今月の薬師詣では茨城県つくば市を歩いてきました。
北小金から新松戸、南流山と乗り換えて、つくばエクスプレス(TX)の終点・つくば駅で降りました。
TXつくば駅に降り立つのは七年前のお正月、筑波山神社に初詣にきたとき以来二度目です。
一年前、いや、一か月前のことすら定かに憶えていないのですから、七年も前となれば、ほとんど記憶がありません。駅前のロータリーはこんなふうに整備されていなかったような気がします。
剪定されてしまっていますが、並木は欅(ケヤキ)。

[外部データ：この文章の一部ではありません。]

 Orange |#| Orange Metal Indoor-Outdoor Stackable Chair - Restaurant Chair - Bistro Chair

つくば市の市の木です。
こういう新しい街はきれいでモダンで、すべてが快適であるかのように思えますが、なんとなく身体がムズムズして、こそばゆい感じがします。
駅から歩くこと二十五分。無個性な建物の立ち並ぶ道が終わり、てんで勝手な家並みが現われるようになって、ようやく身体のムズムズが治まりました。
さらに歩いて行くと、完全に田舎の道になりました。茨城県道123号線です。
白線からガードレールまでは見た目は充分そうな余白がありますが、ガードレールの直下は土が盛り上がり、草が生えているので、実際に歩ける幅は30センチそこそこしかありません。
左手に筑波山の男体山(左)と女体山。
目的の常光寺薬師堂近くにある倉掛バス停です。TXつくば駅からここまで歩くこと三十分弱。

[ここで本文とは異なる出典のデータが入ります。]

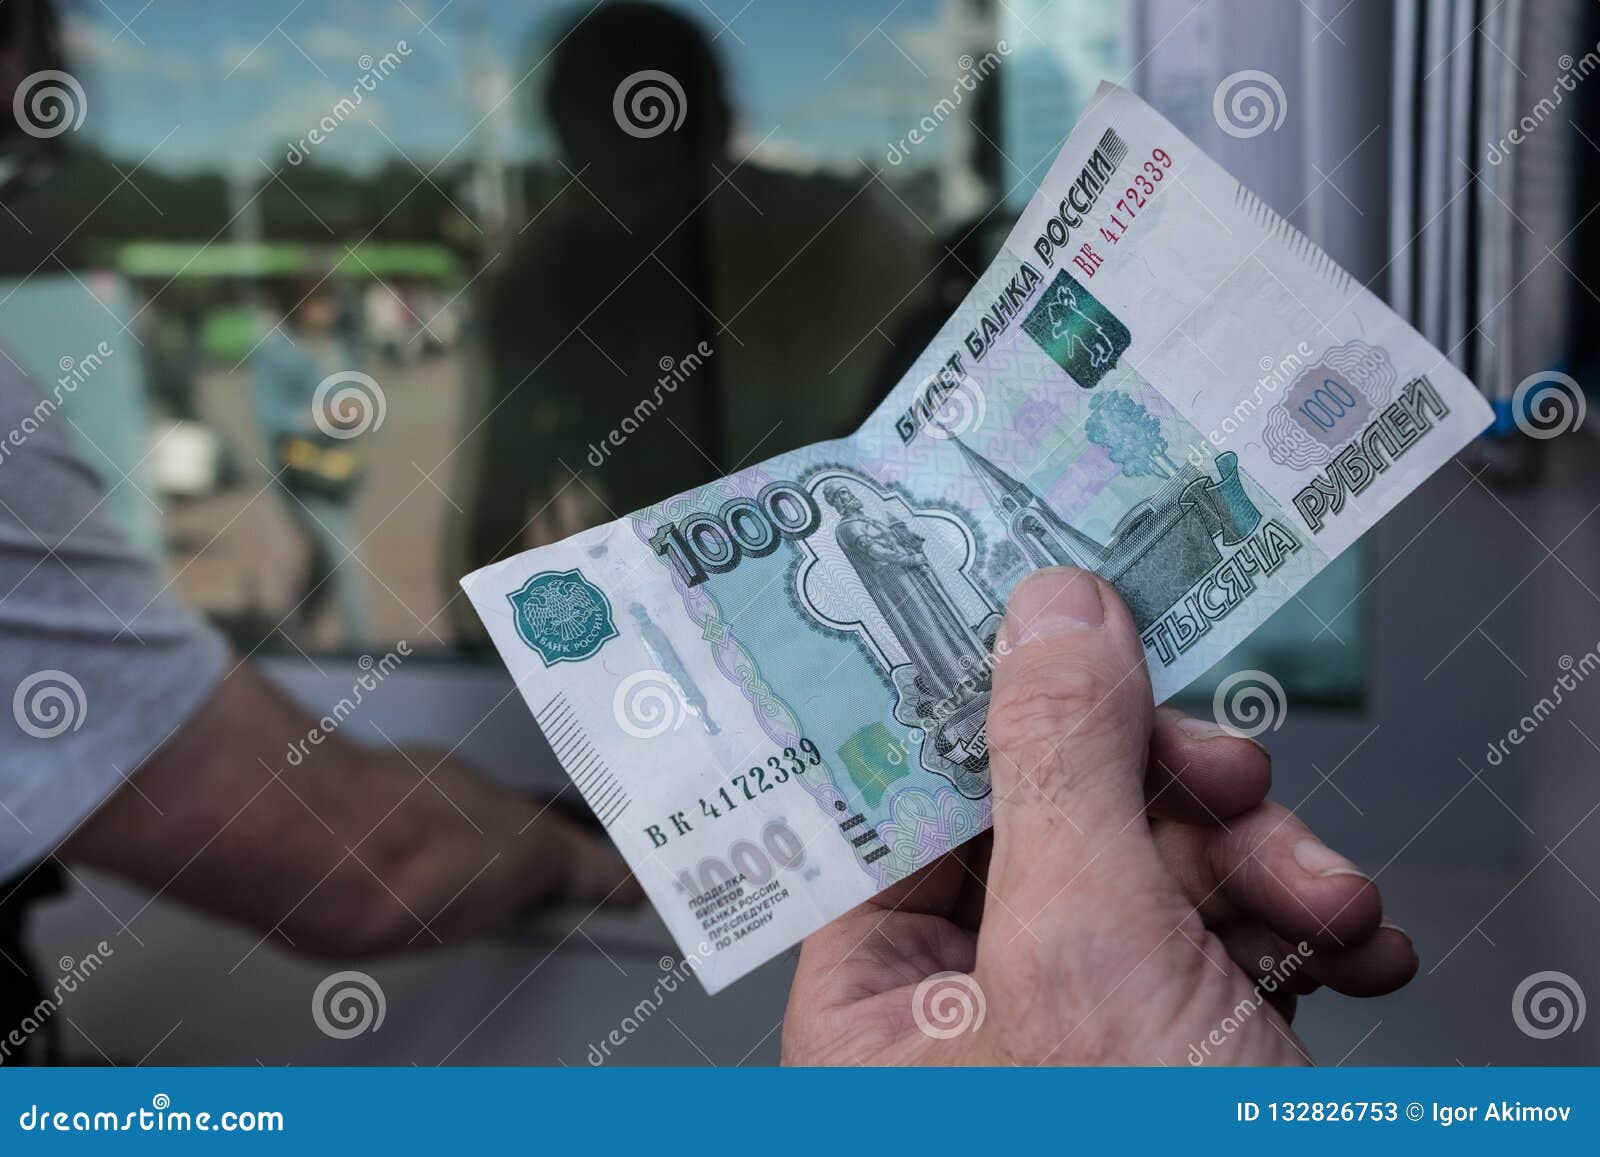 Россия на беларусь обмен валюты комплектующие для майнинга 2022

土浦駅とつくばセンター(つくば駅)を結ぶバスが走っていますが、バス便があるのになぜトコトコと歩いてきたのかといえば、ここを通るバスの便は平日は一日三便、土日だと二便しかないのです。
筑波山をカメラに収めようと寄り道をしていたので、約四十分かけて、倉掛部落研修センターというところに着きました。
今日は使用されていないようで、ひっそりと静まり返っています。
研修センターの左手に薬師堂がありました。
近づいてみると、扁額には醫王山常光寺摩尼殿とあります。常光寺というお寺はすでにありません。
格子戸の隙間にカメラを突っ込んで撮影に及びました。
真ん中にある厨子の中に薬師如来が祀られているようです。
このあと、今日のもう一つの目的地である覚王寺に向かうのですが、途中(といっても、少し遠廻りです)に一乗院というお寺があるので、寄って行くことにします。

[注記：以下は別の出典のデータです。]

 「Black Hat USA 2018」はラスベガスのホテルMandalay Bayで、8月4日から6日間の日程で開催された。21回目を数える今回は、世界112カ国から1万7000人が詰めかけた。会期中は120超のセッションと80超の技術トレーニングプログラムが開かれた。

上ノ室橋で花室川を渡ります。霞ケ浦に注ぐ川です。上流にカメラを向けて、シャッターを切りました。
橋を渡ると、径は上り坂になり、先ほど歩いた茨城県道123号線に出ます。その先に同201号線との交差点があり、そこを左折して行きます。
私が携帯してきた地図では、交差点の右にココスがあることになっていましたが、ココスはすでになくなって、ファミリーマートに変わっていました。
常光寺薬師堂から二十五分で一乗院に着きました。
真言宗豊山派の寺院。一乗院本堂です。
一乗院に向かっている途中、グーグルストリートビューの撮影車に遭遇しました。それも二度。最初は対向してすれ違い、二度目は追い越して行きました。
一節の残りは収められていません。